:: What to produce ::
For the listing below, output exactly the lines from the line with "Order Transfer Domain" up to and including the line with "Mahogany Coffee Table With", and no other lines.

:: Working data ::
▼

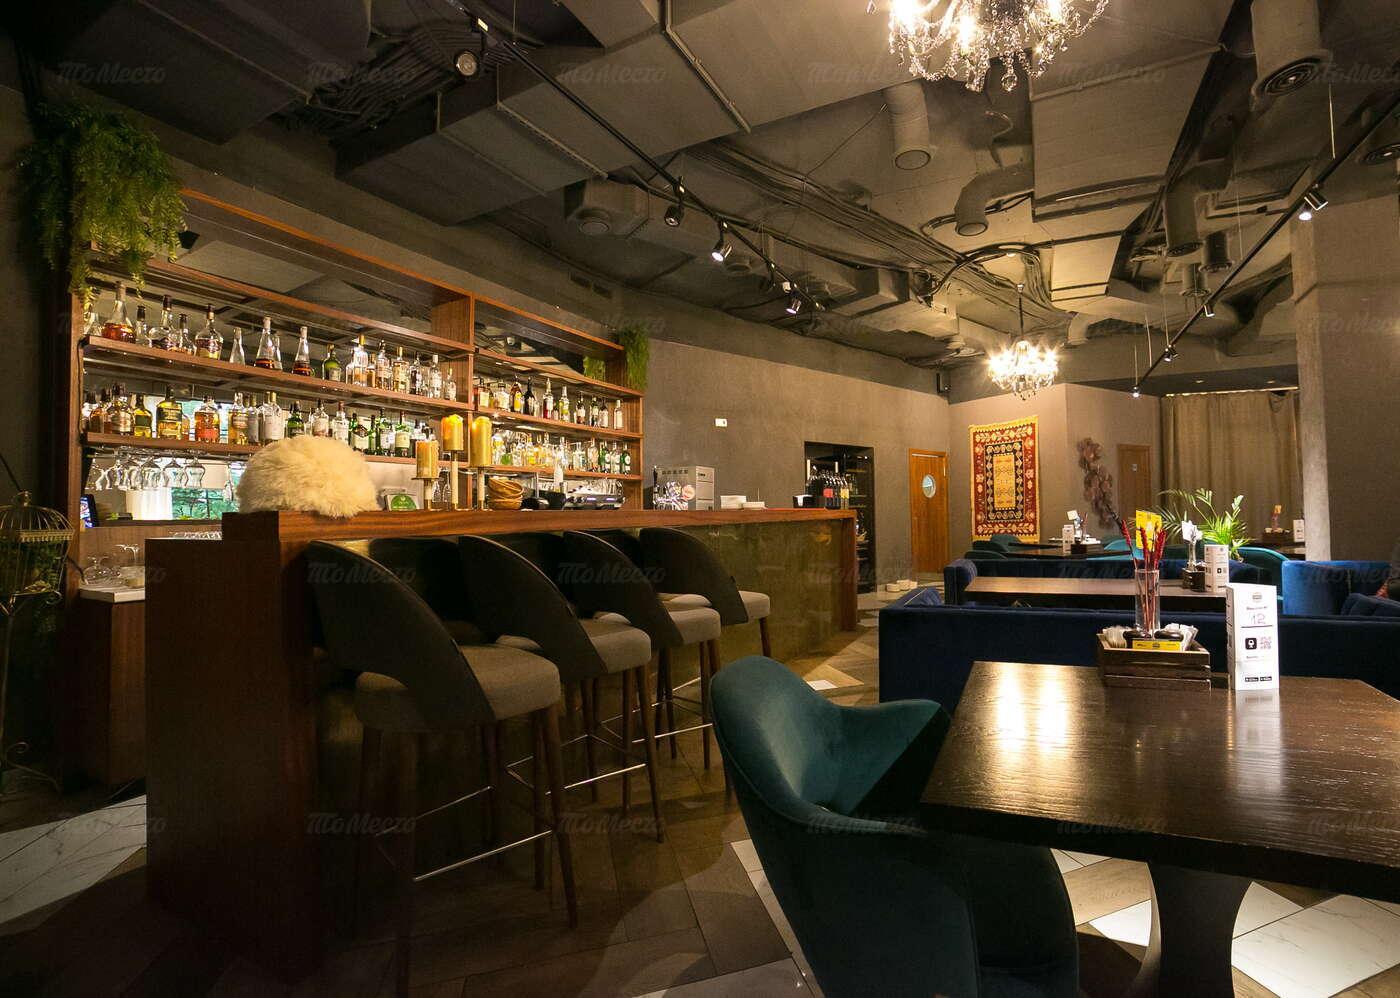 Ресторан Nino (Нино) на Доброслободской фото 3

▲
▼

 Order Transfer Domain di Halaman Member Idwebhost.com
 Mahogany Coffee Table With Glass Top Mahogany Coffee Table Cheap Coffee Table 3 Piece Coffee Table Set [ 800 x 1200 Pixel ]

▲

:: Answer section ::
 Order Transfer Domain di Halaman Member Idwebhost.com
 Mahogany Coffee Table With Glass Top Mahogany Coffee Table Cheap Coffee Table 3 Piece Coffee Table Set [ 800 x 1200 Pixel ]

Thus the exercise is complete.